## Your assignment
Repeat the listing exactly as given, omitting every image.

## Given information
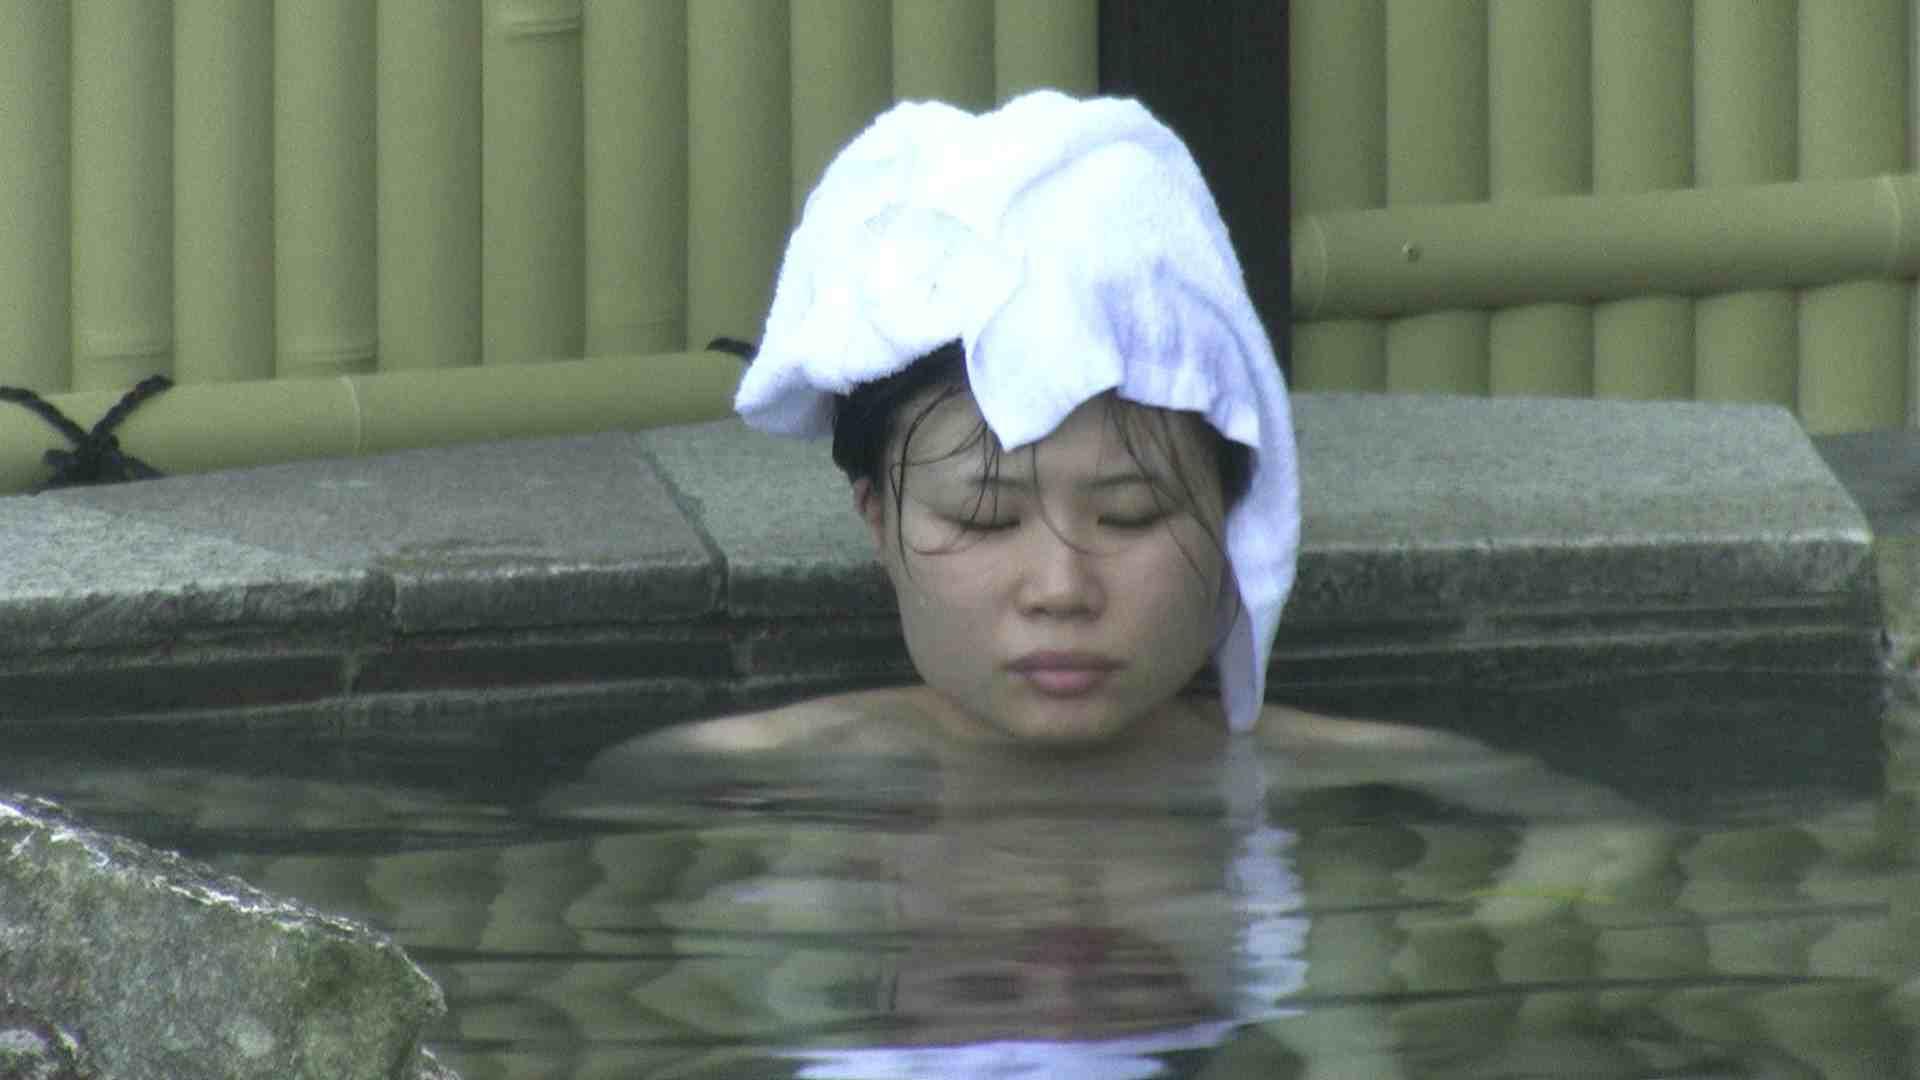 Aquaな露天風呂Vol.183 盗撮 | OLセックス  69画像 55
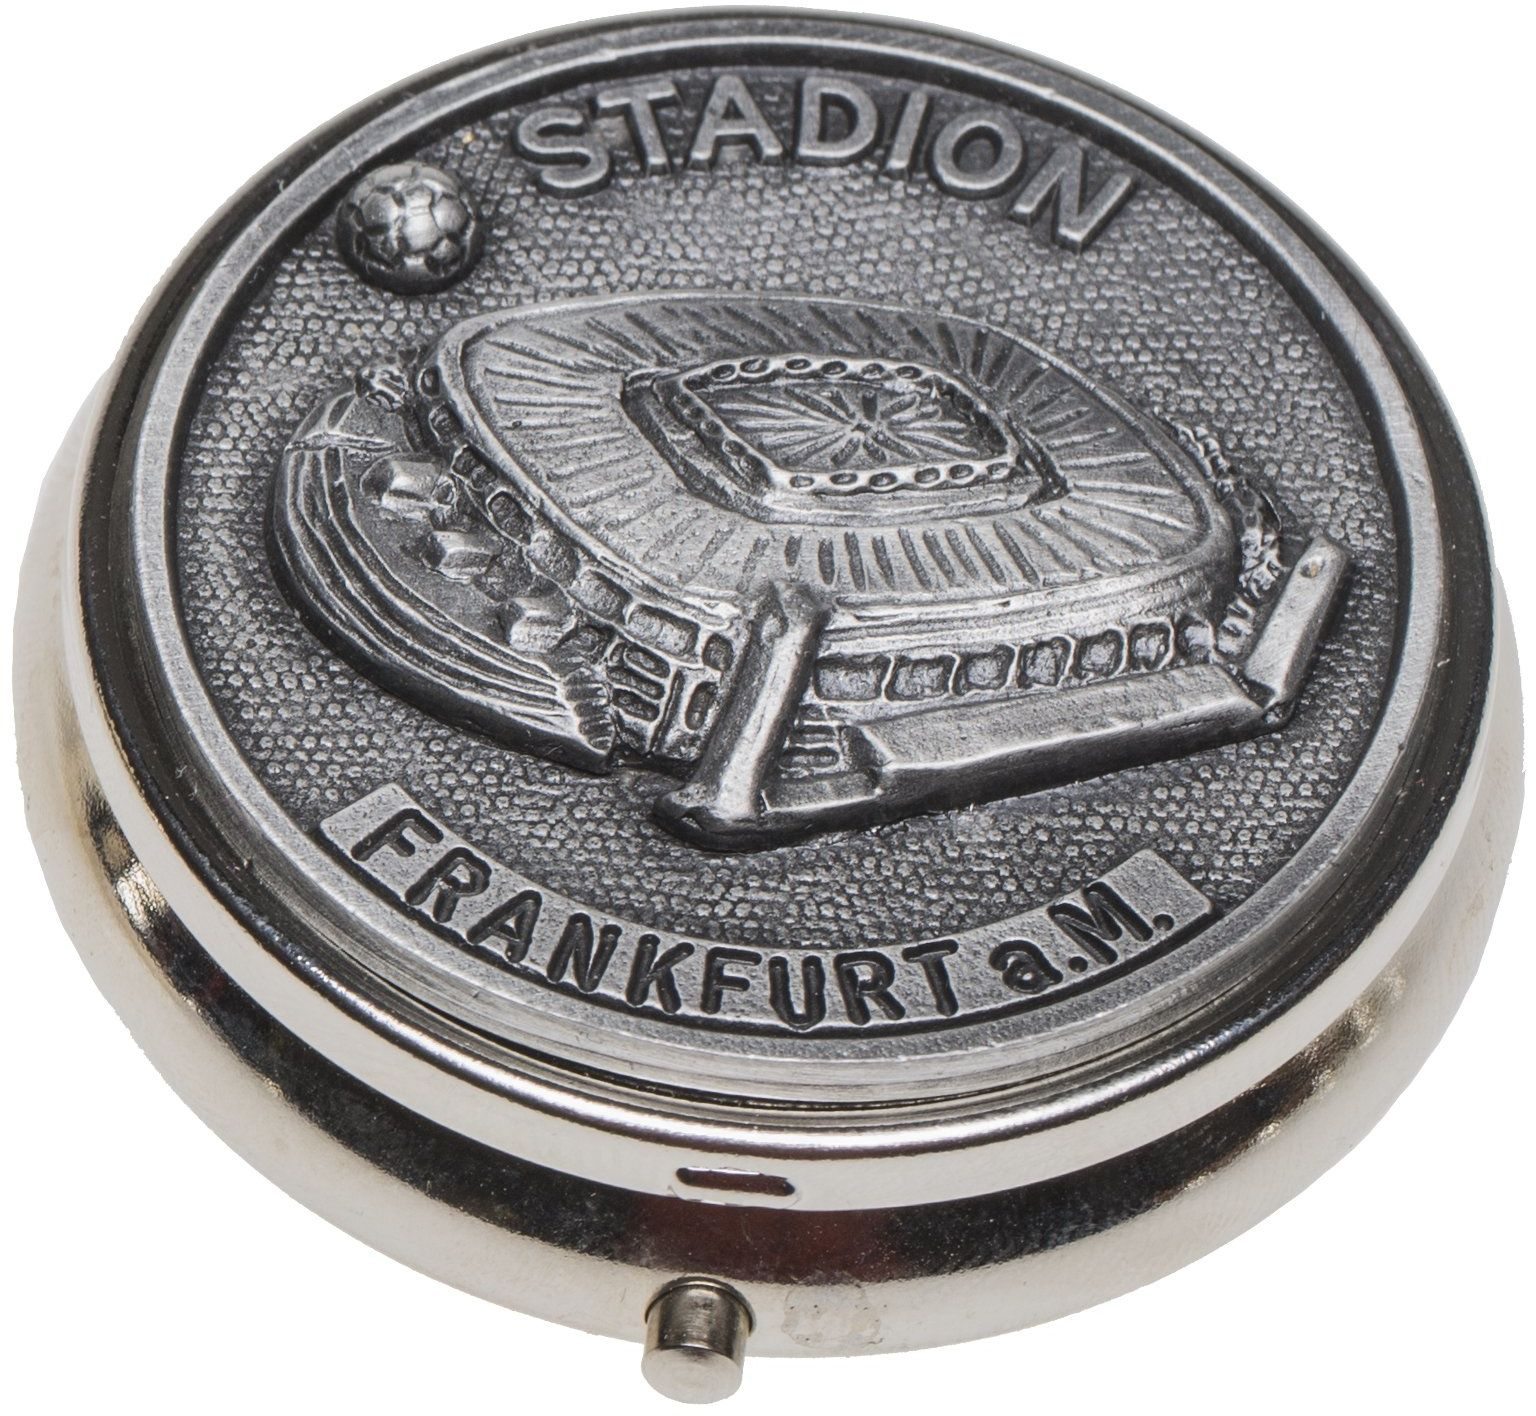 Schnabel-Schmuck Frankfurt popielniczka cyna stadion piłkarski
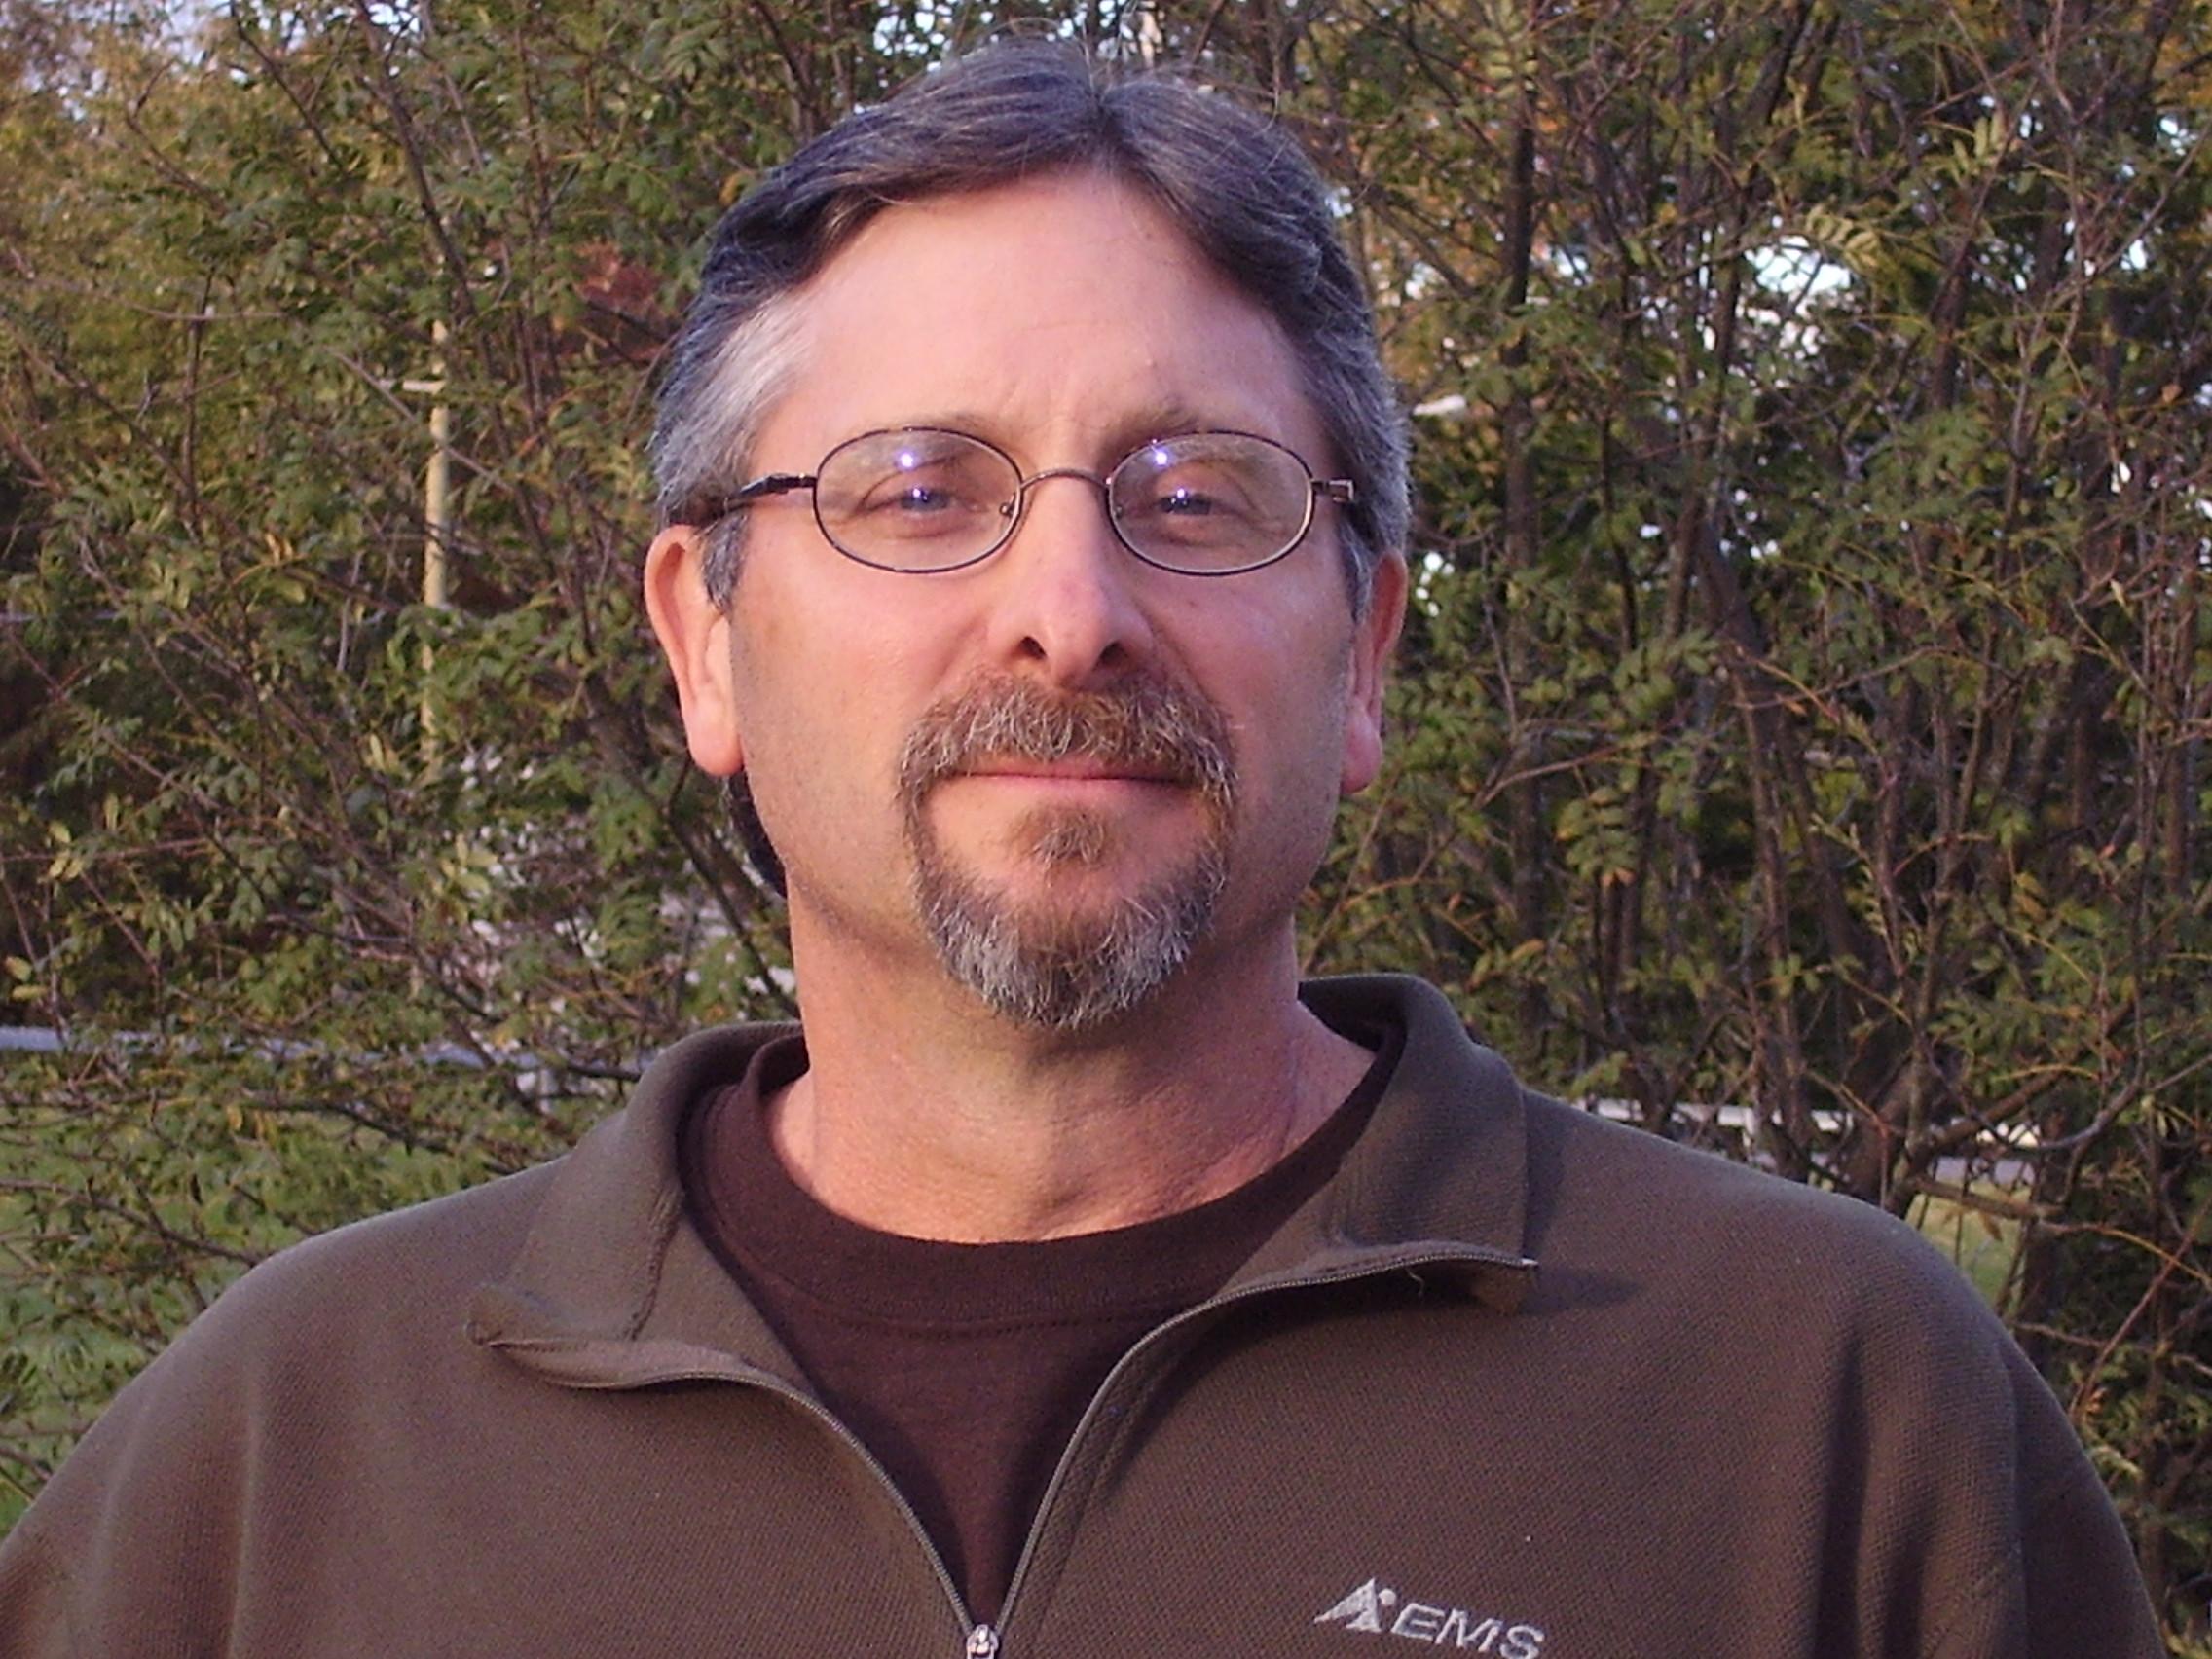 Phil Metzger

## Exercise response
 Aquaな露天風呂Vol.183 盗撮 | OLセックス  69画像 55
 Schnabel-Schmuck Frankfurt popielniczka cyna stadion piłkarski
 Phil Metzger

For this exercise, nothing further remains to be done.